As the land was free to all, the happy groom, a few days after his nuptials, erected with the assistance of his friends, a neat little cabin in some picturesque grove by the side of some bubbling spring or on the banks of some rippling brook. A small iron kettle in which to boil their venison, and a wooden bowl in which to put it when cooked, were sufficient culinary utensils for the young housekeepers. They needed no mahogany tables or carved chairs, for, they sat, as the Orientals, upon the ground. The bowl with its contents was placed in the center of the cabin and the husband and wife sat around it, and with the wooden or horn spoon, helped themselves one after the other. If they had guests the same rule of etiquette was observed each one being free to make a dip with the spoon into the contents of the bowl, thence to the mouth, in regular turn.
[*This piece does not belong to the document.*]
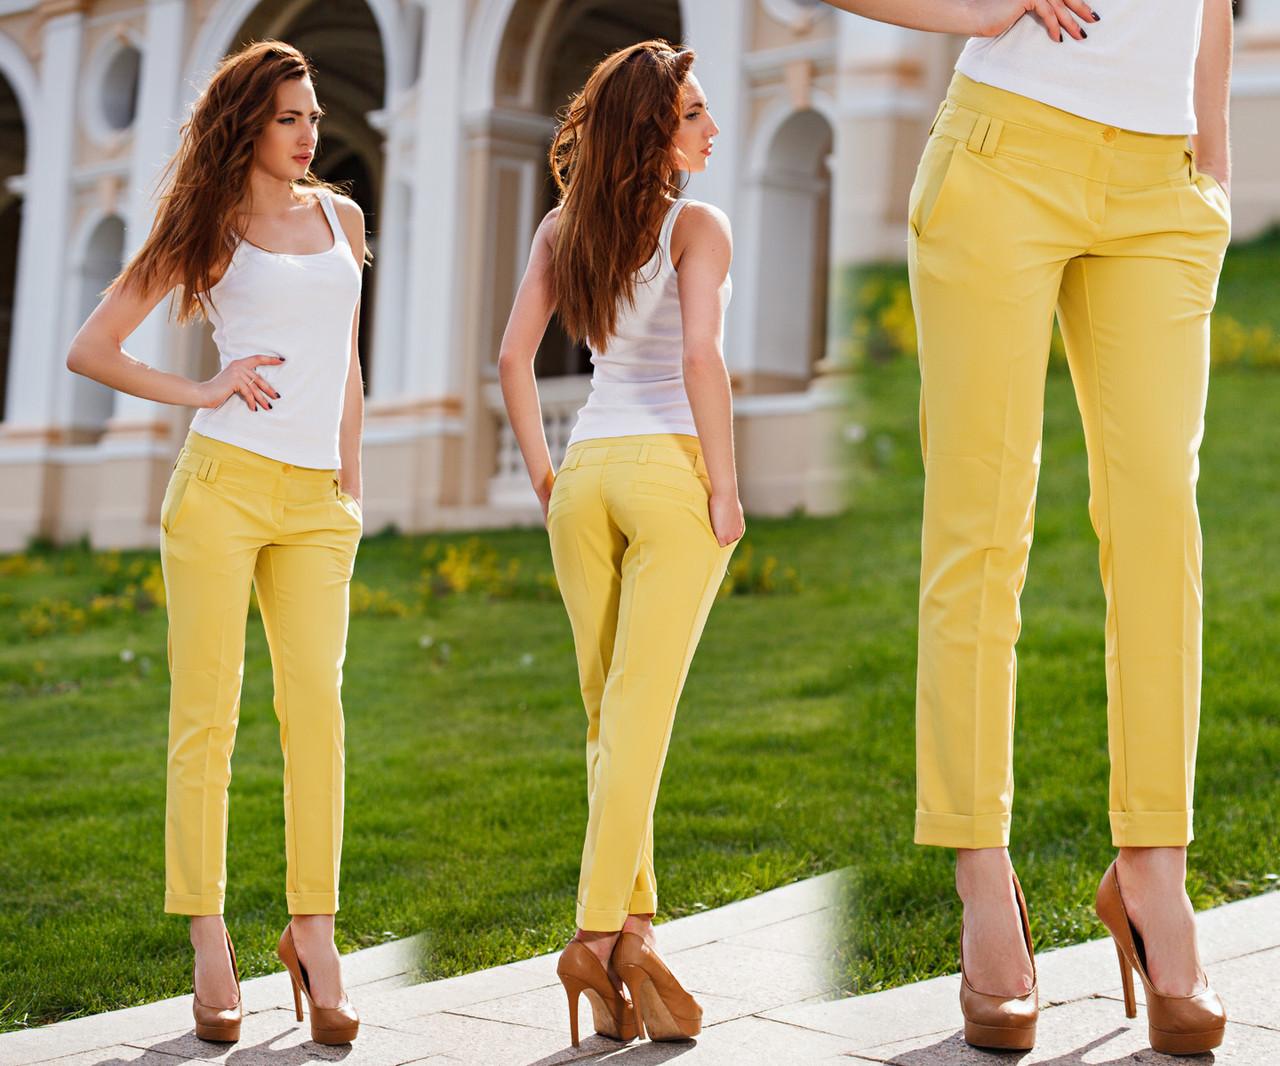 """Летние стильные женские брюки до больших размеров В-76 """"Тиар Чинос Подворот"""" в расцветках - """"Пальмира"""" - прямой поставщик модной одежды оптом и в розницу от производителя в Одессе"""

Ta-ful-a, (Tomfuller), was their favorite and hence standing dish, and is to this day. It consists of corn, pounded in a wooden mortar with a wooden pestle to take off the husks, then thoroughly boiled; sometimes peas or beans are mixed and cooked with it, then it is called Tafula tabi ibu-lhto. Then again, hickory or walnut kernels or meats are mixed and cooked with it; it is then called Tafula oksak nip-ibulhto; if walnut kernels, then it is called Tafula ok-sak-hahe (walnut) nipi ibulhto.
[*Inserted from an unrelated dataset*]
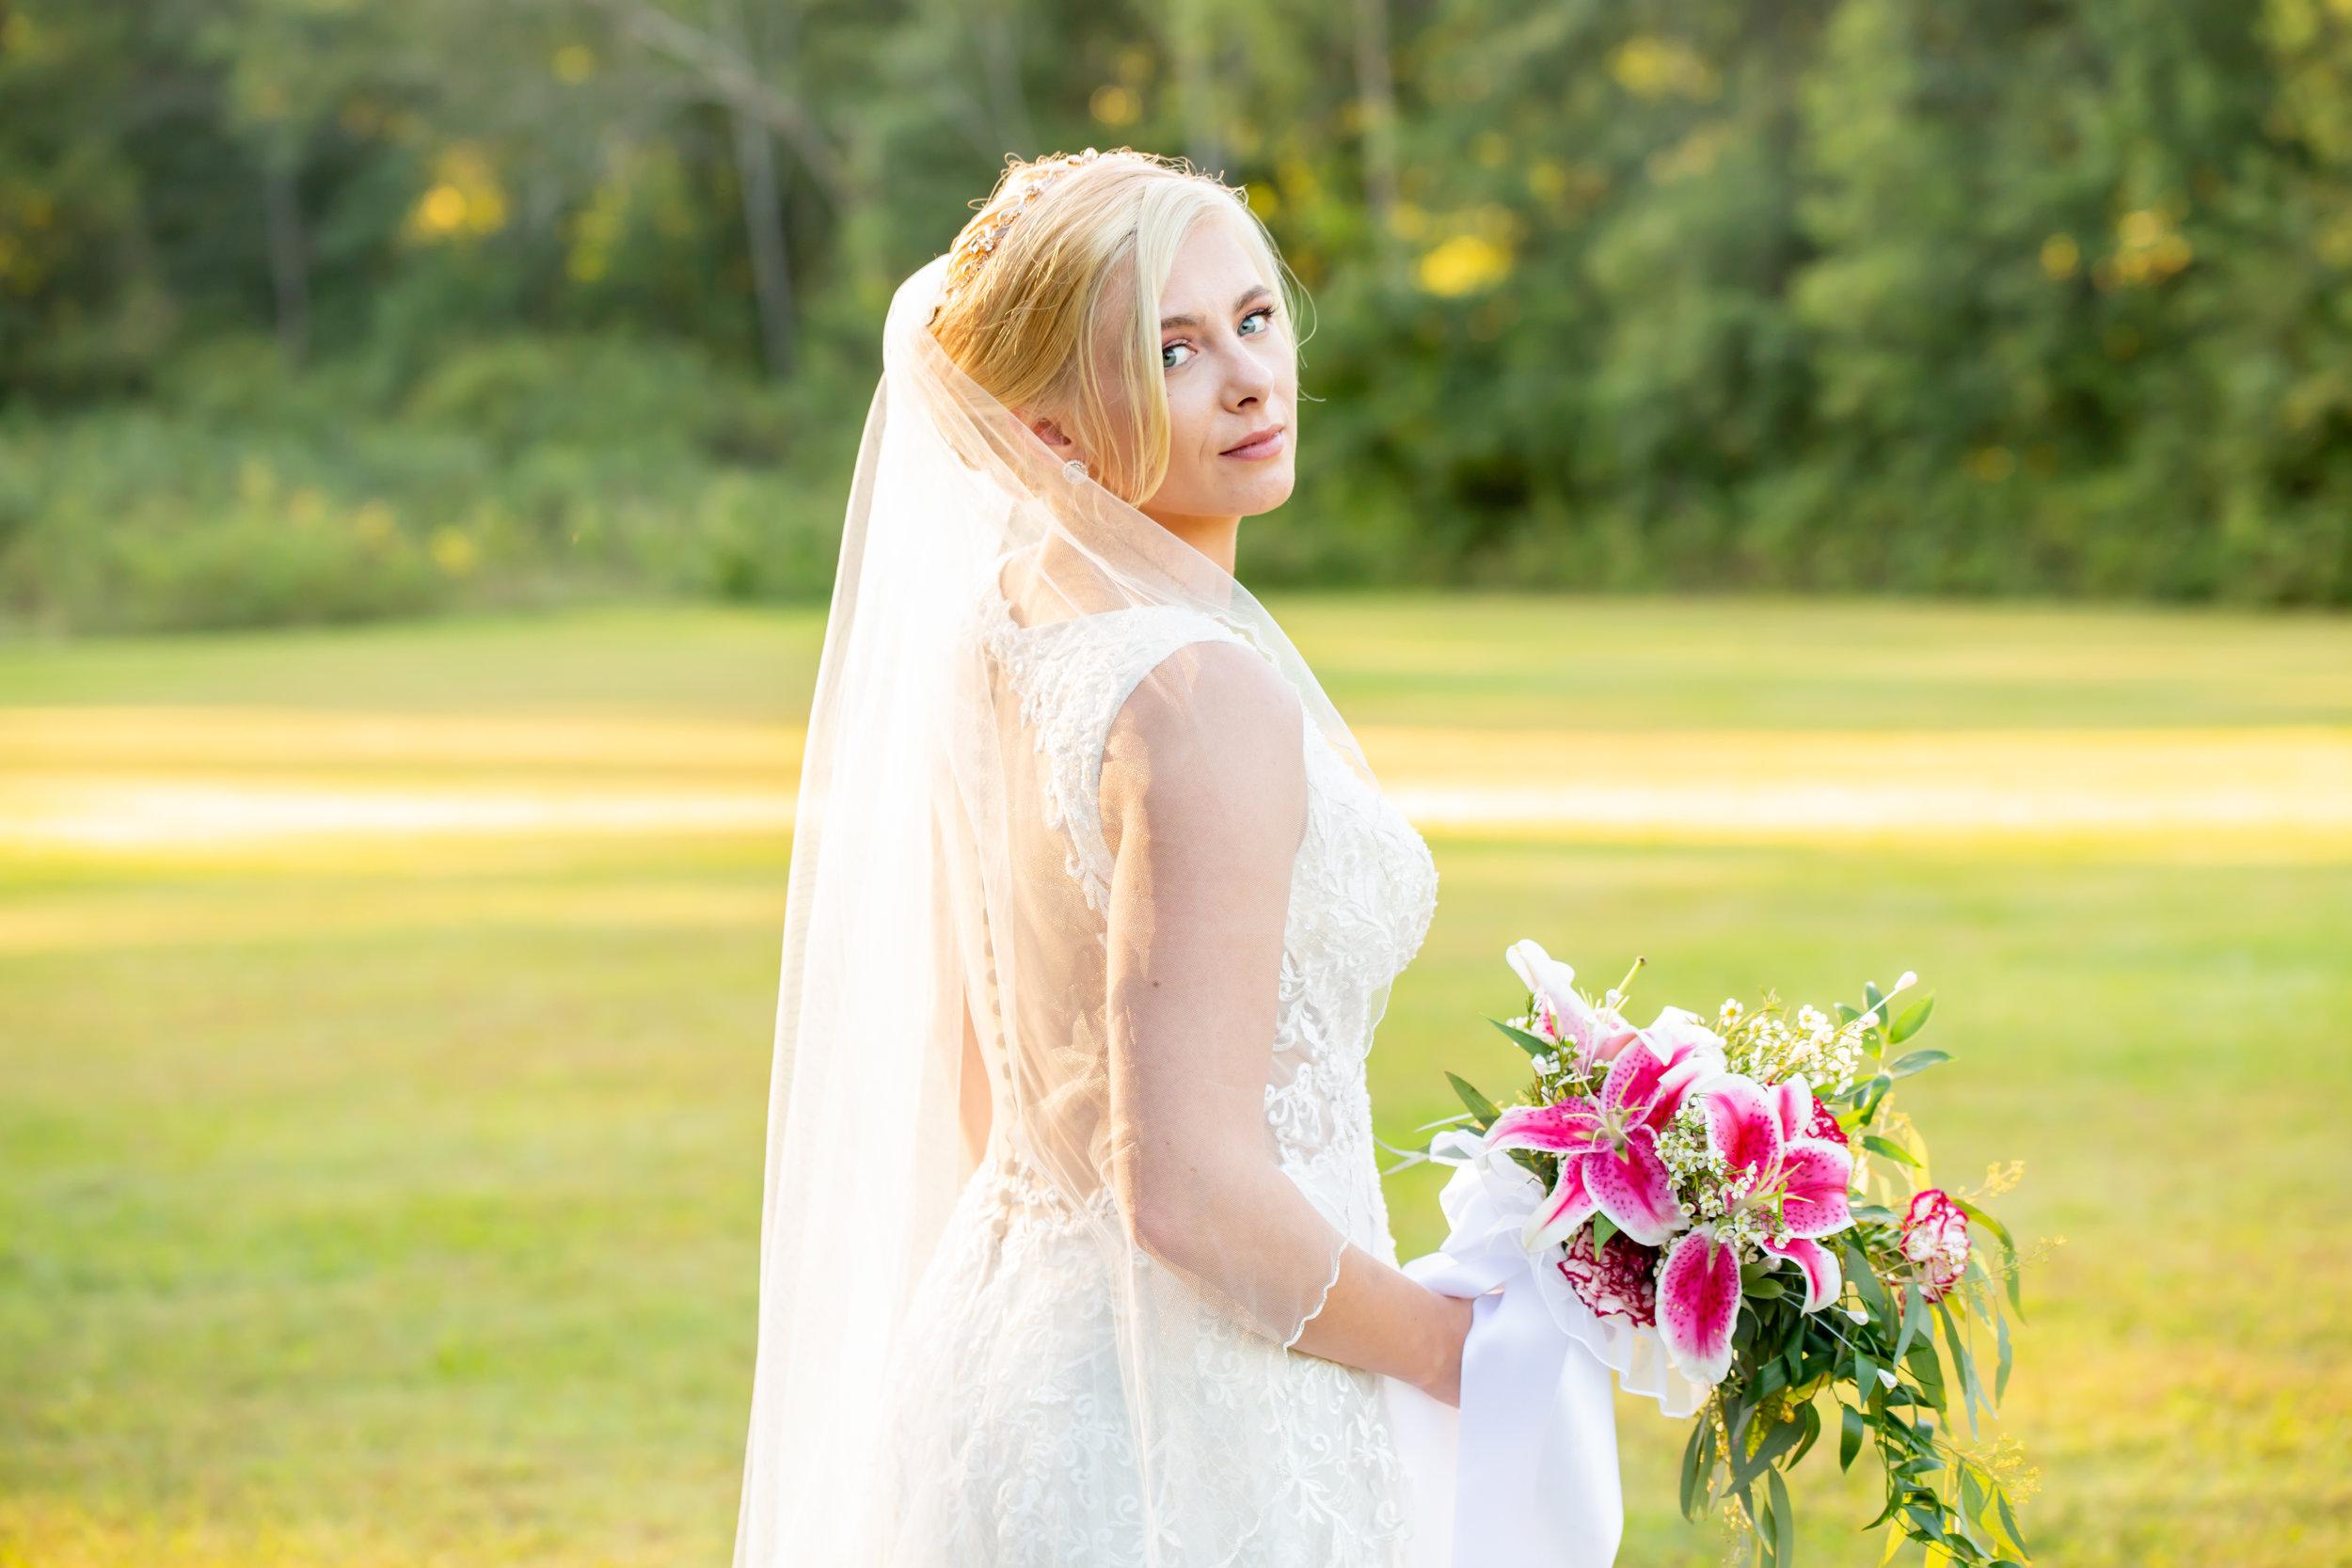 Hannah Cessna Photography - Wedding Photographer Akron Cleveland Ohio wedding photo Happy Days Lodge

They used a very pleasant beverage of acidulated fo-i (honey) and o-ka, (water); also they made a very palatable jelly from the pounded roots of the China brier, strained through baskets, and mixing the dried farina with honey. They pounded hickory and walnuts together, and having passed them through boiling water, and then through strainers of fine basket work, it produced an inspissated liquor, the color and consistency of cream, and richer and of finer flavor.